BEGIN Source data

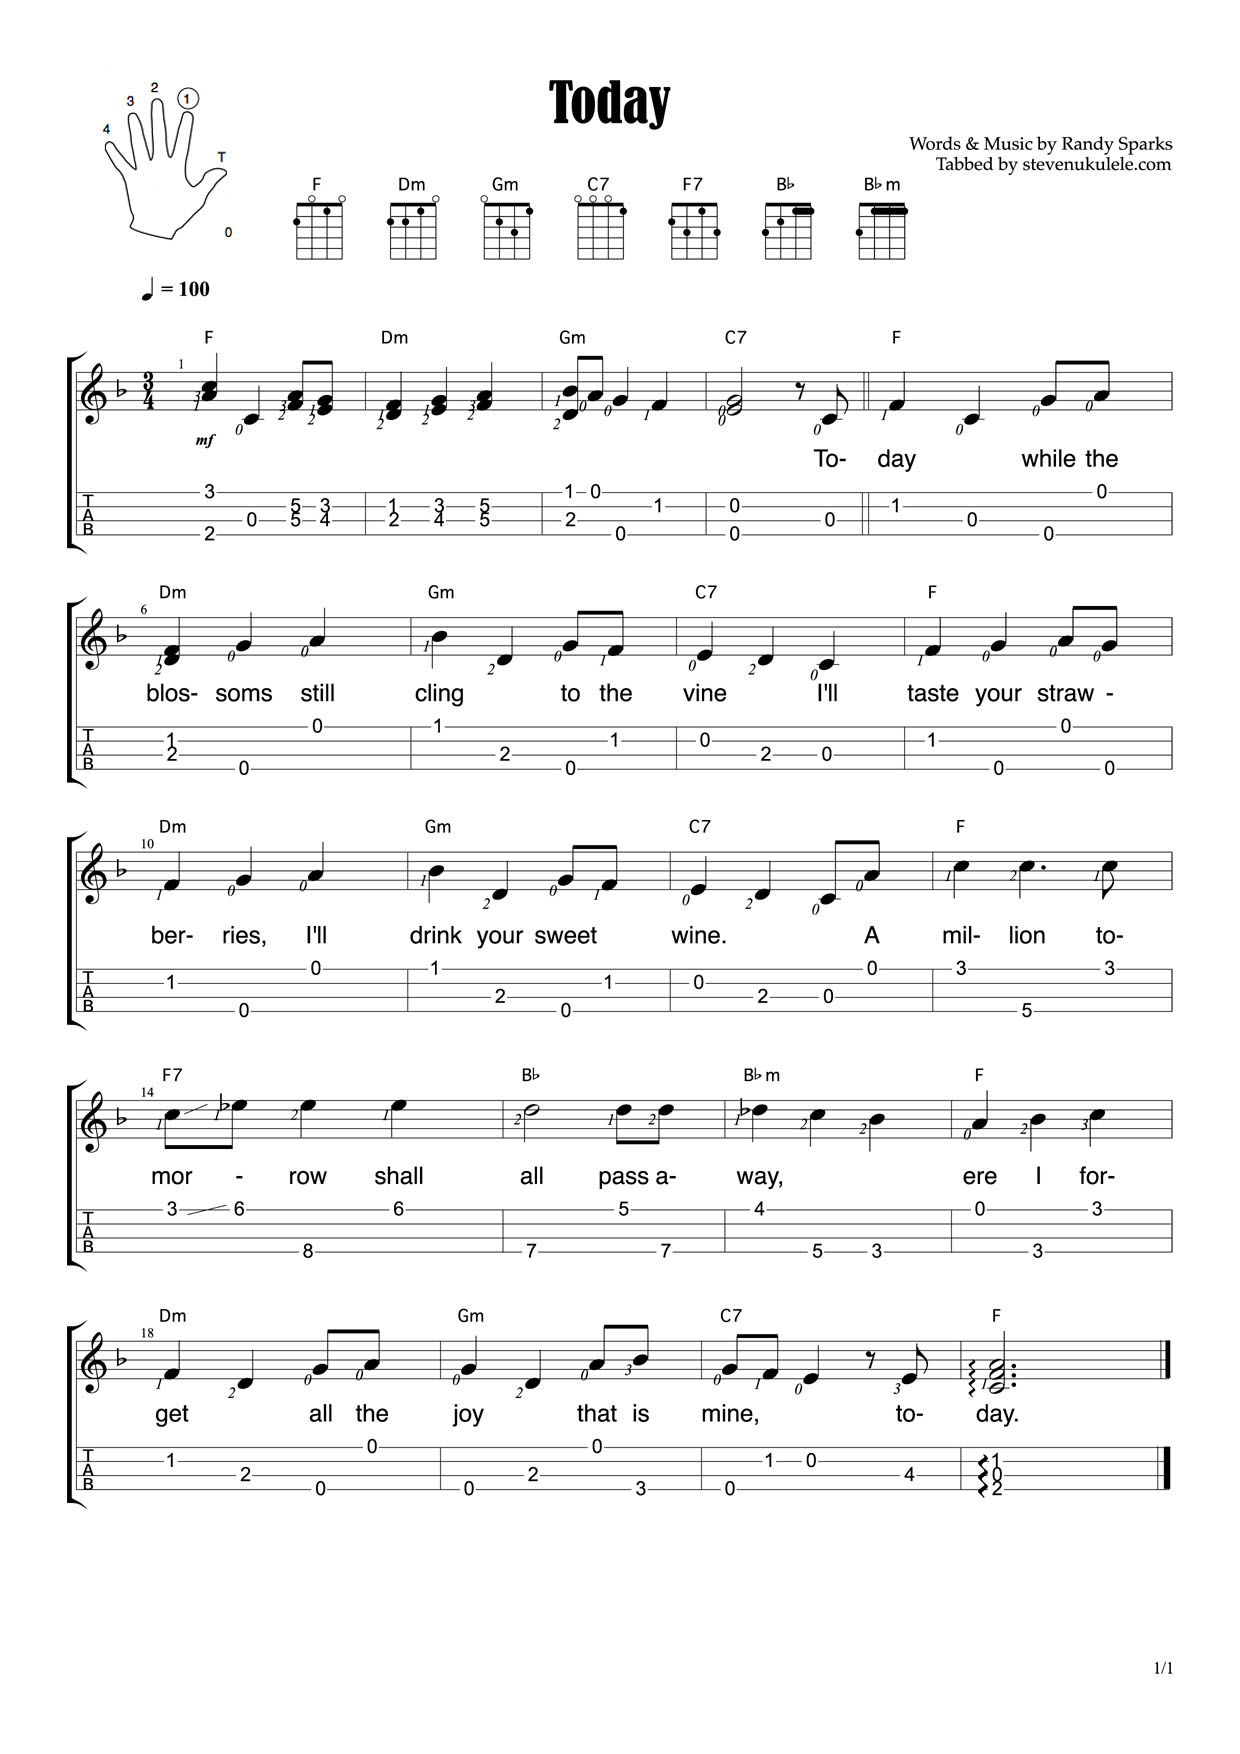 Today Chord Solo | steven.ukulele
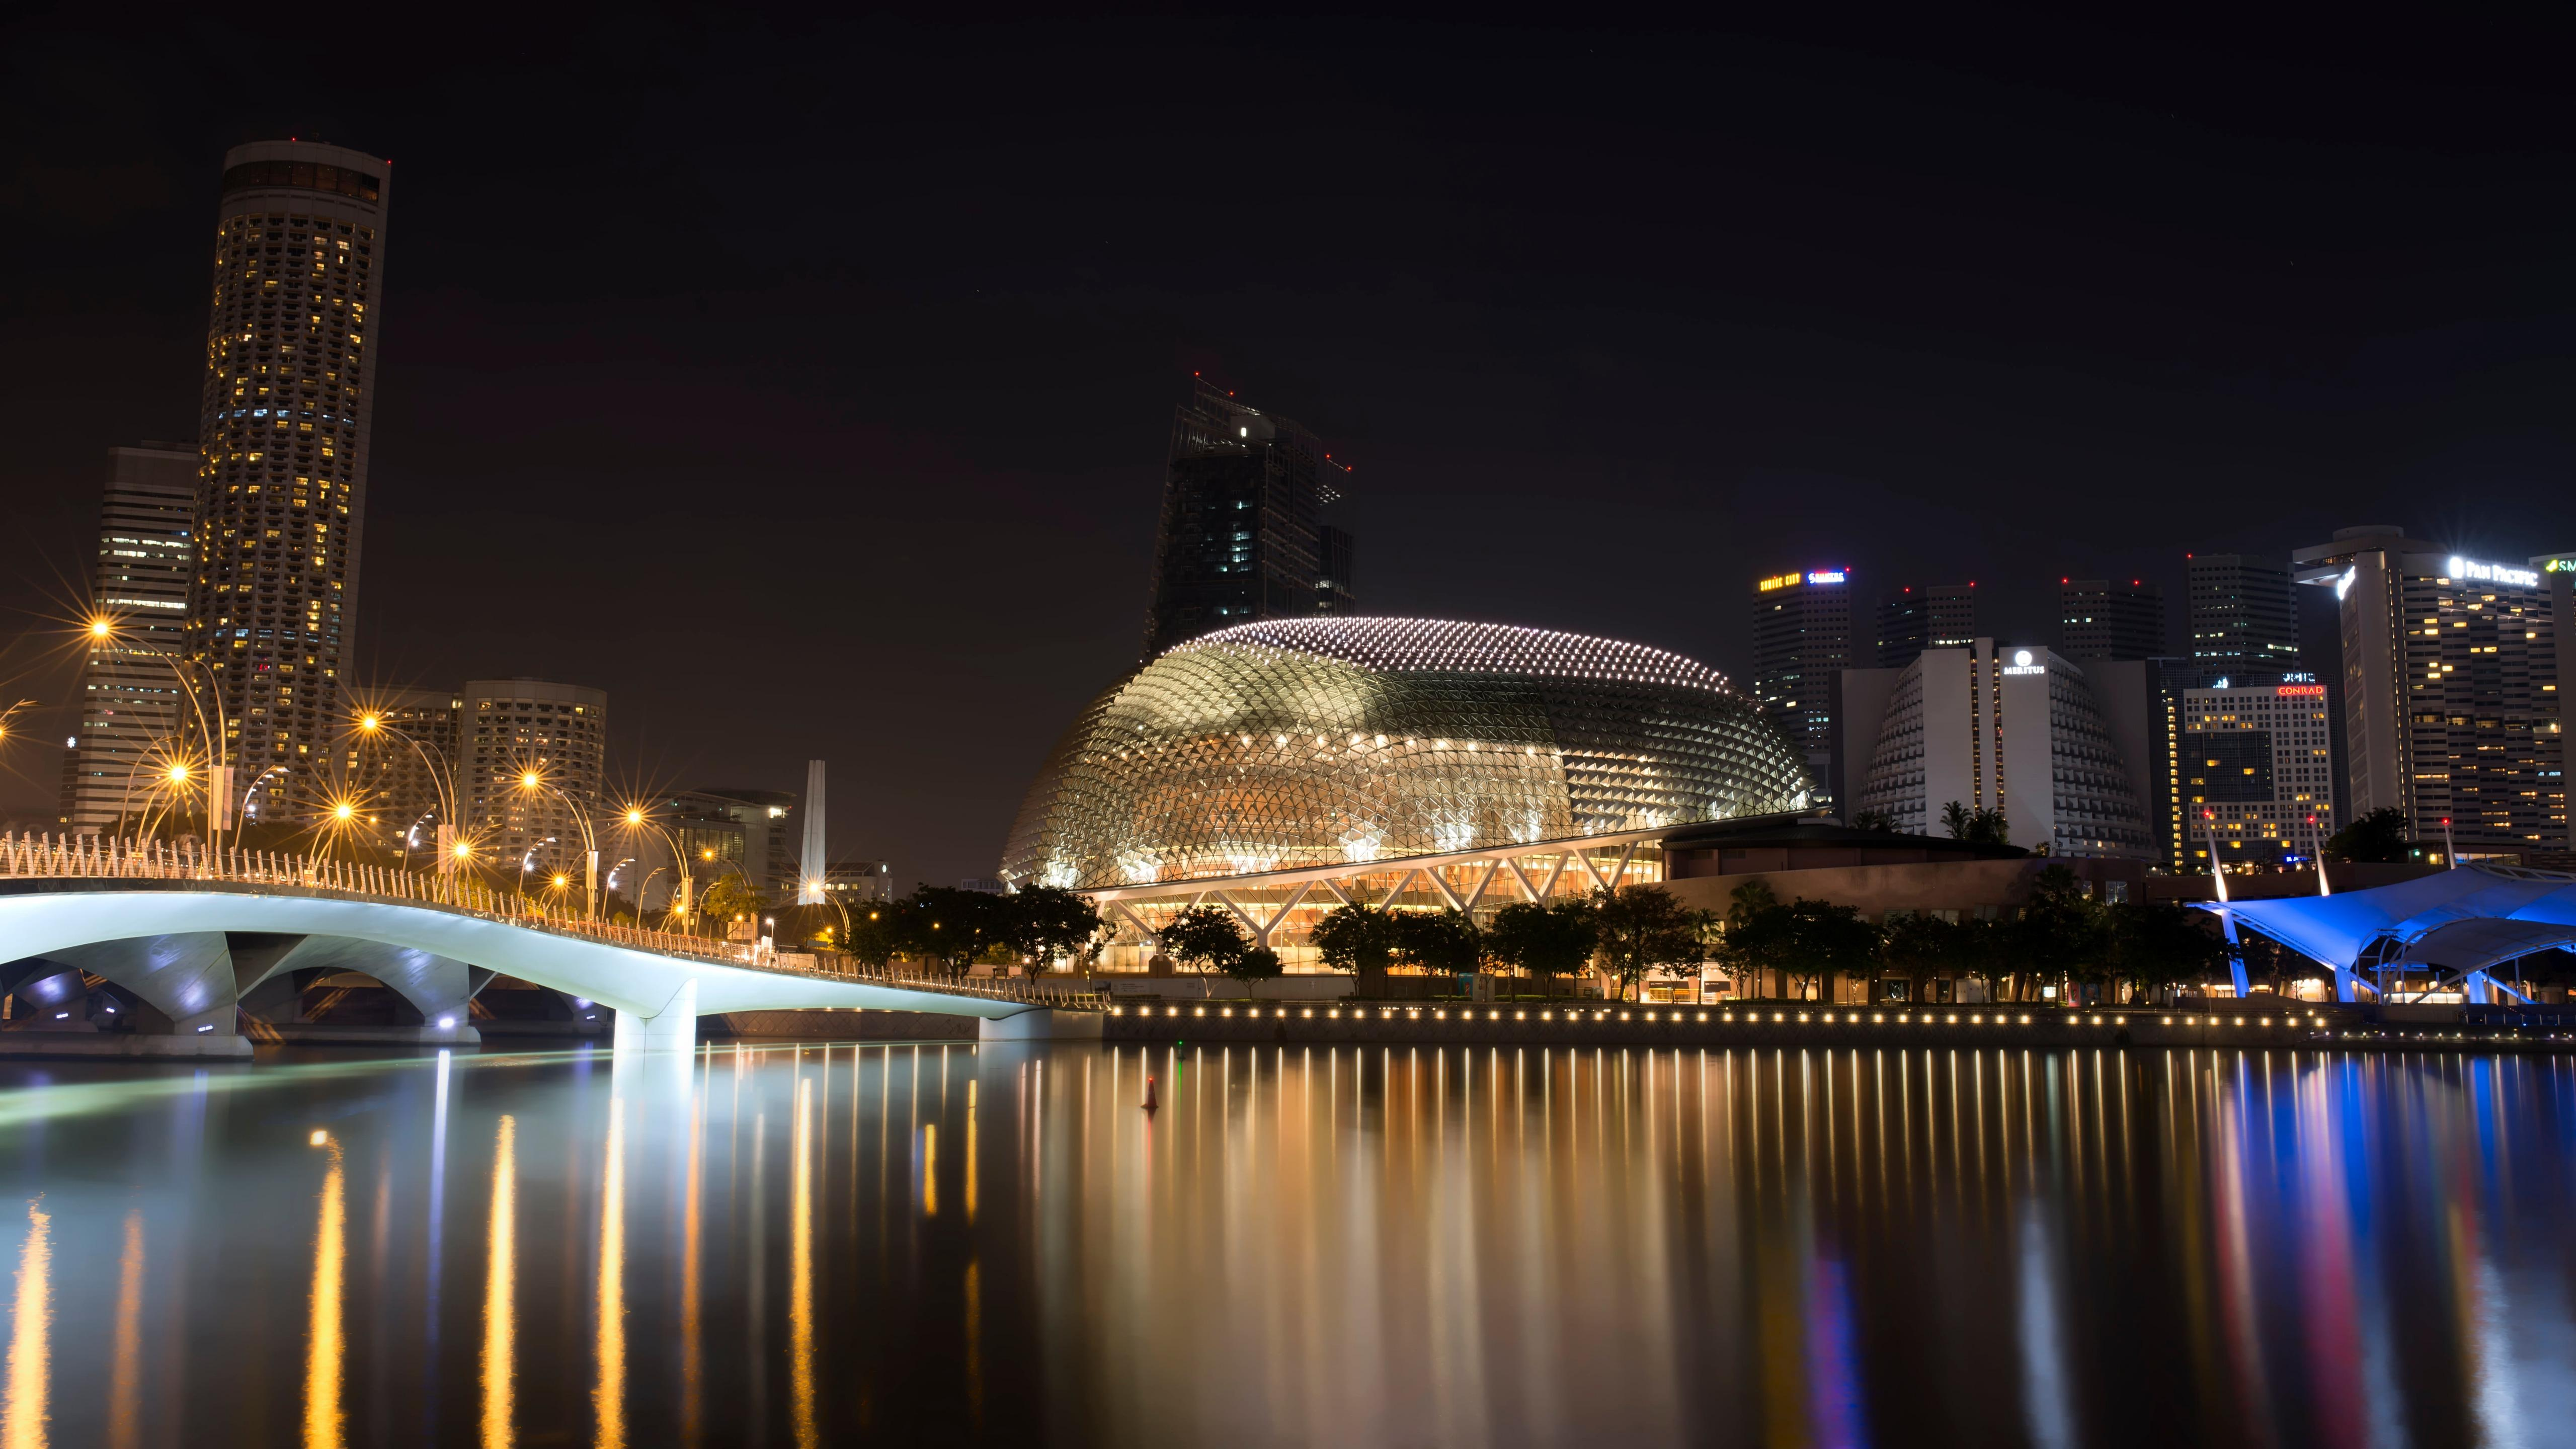 Esplanade - Theatres on the Bay, Singapore wallpaper
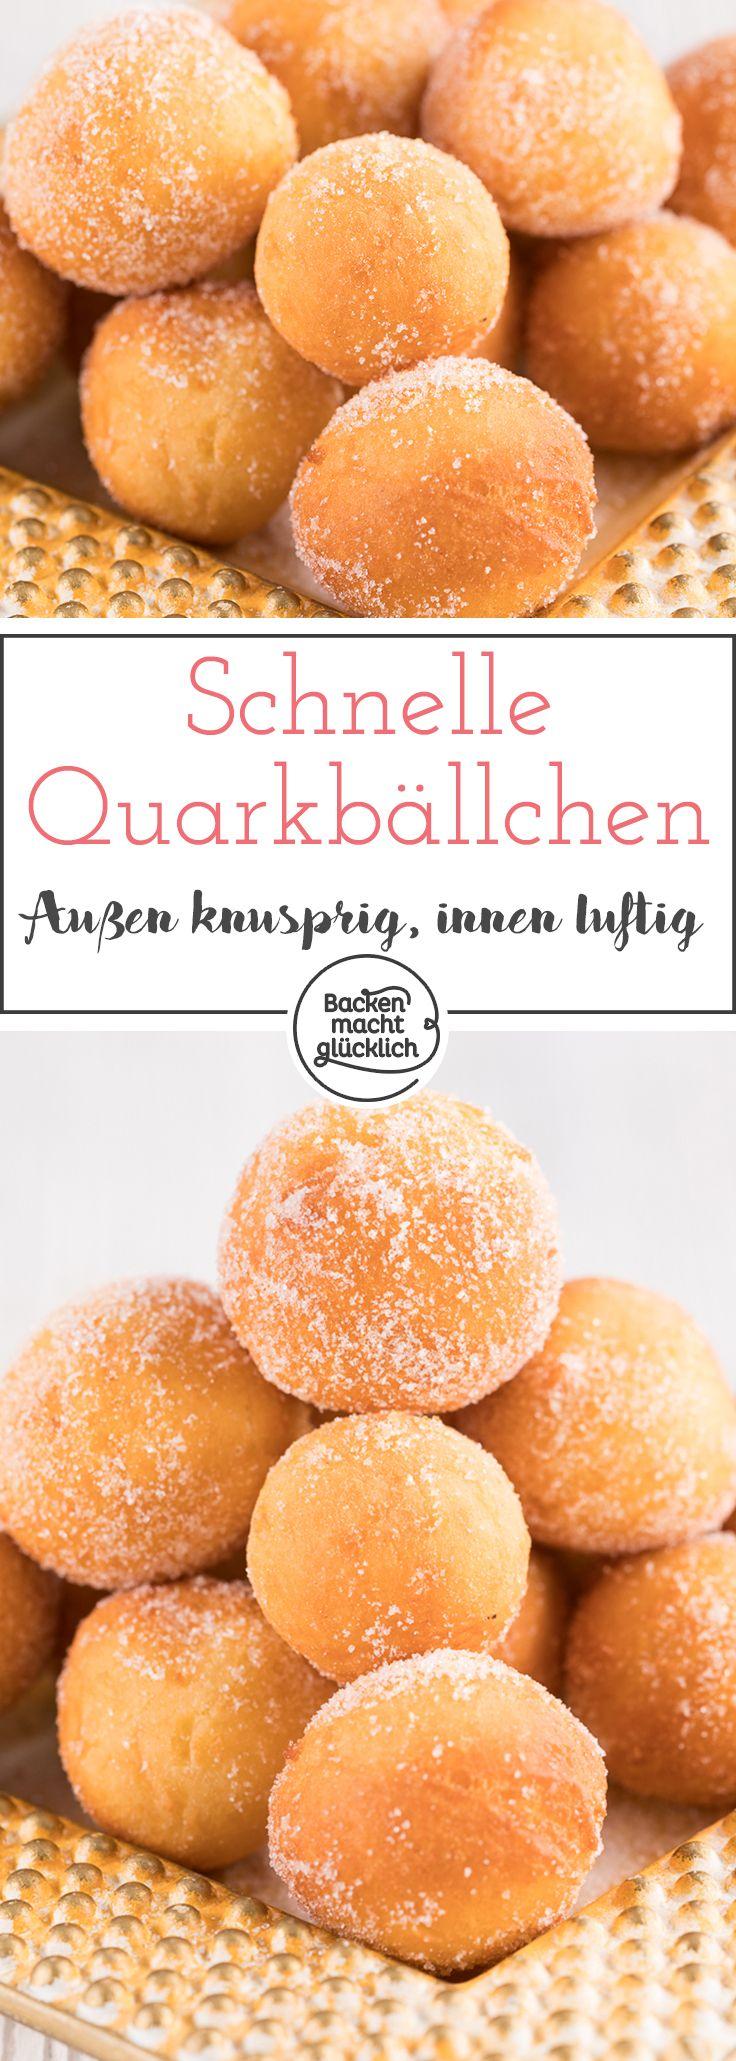 Quarkbällchen #apfelrosenmuffins
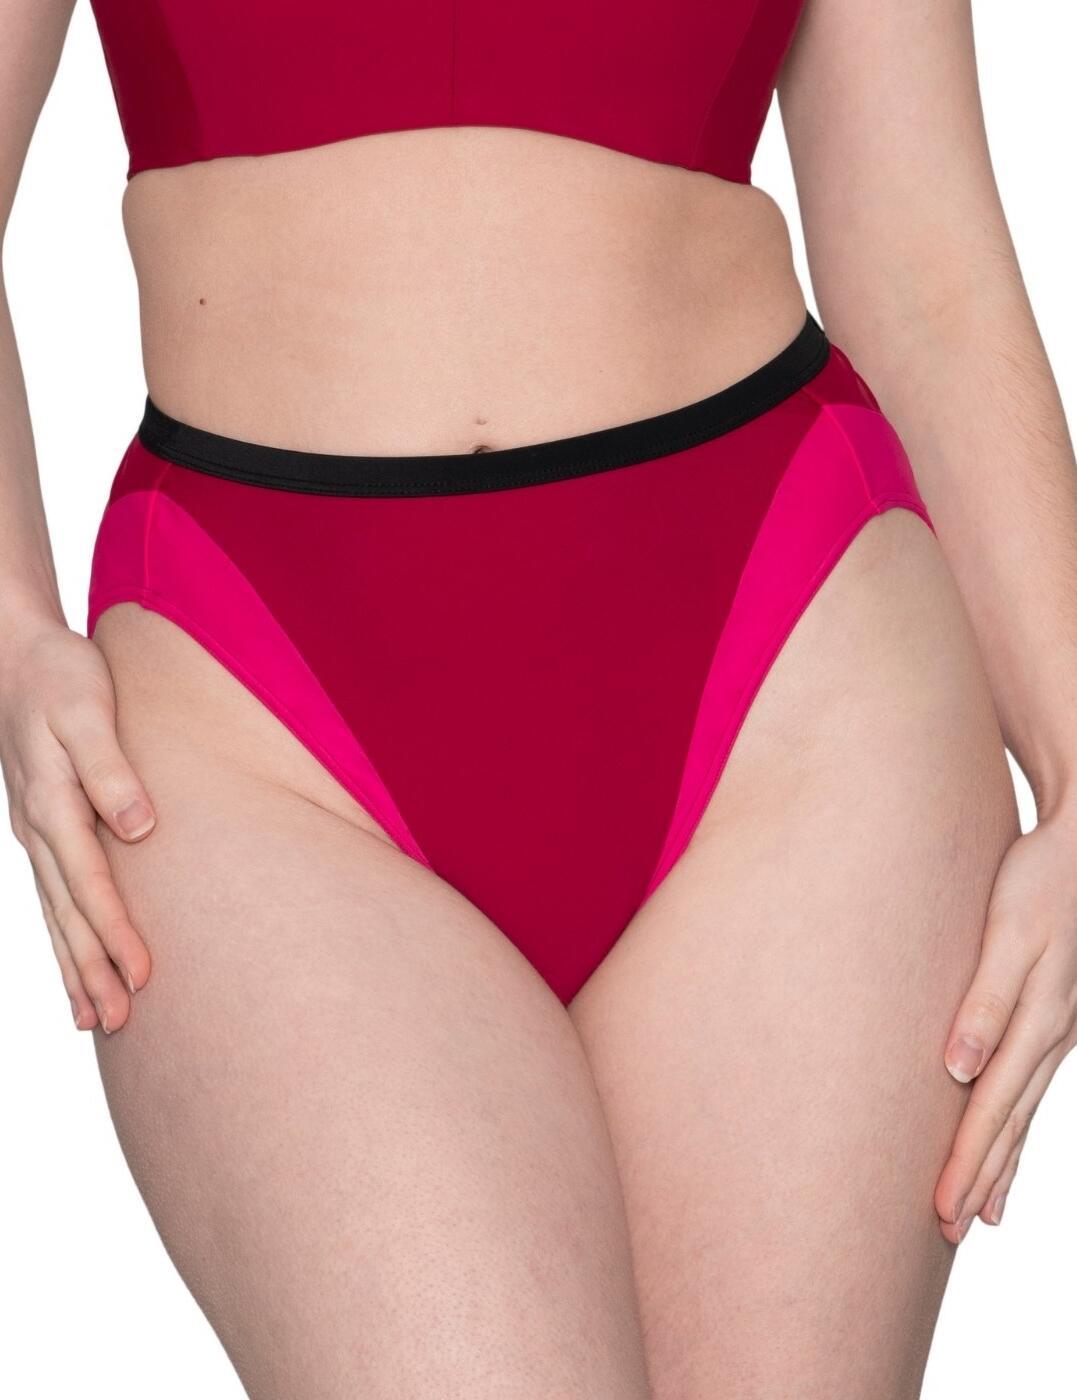 Curvy Kate Subtropic High Waist Brief in Cherry Red/Pink

END Source data

Starting with the line that holds "Esplanade - Theatres", repeat exactly every line through the end of the material above, both ends included, without the pictures.

■ **Exercise answer**:
 Esplanade - Theatres on the Bay, Singapore wallpaper
 Quarkbällchen #apfelrosenmuffins
 Curvy Kate Subtropic High Waist Brief in Cherry Red/Pink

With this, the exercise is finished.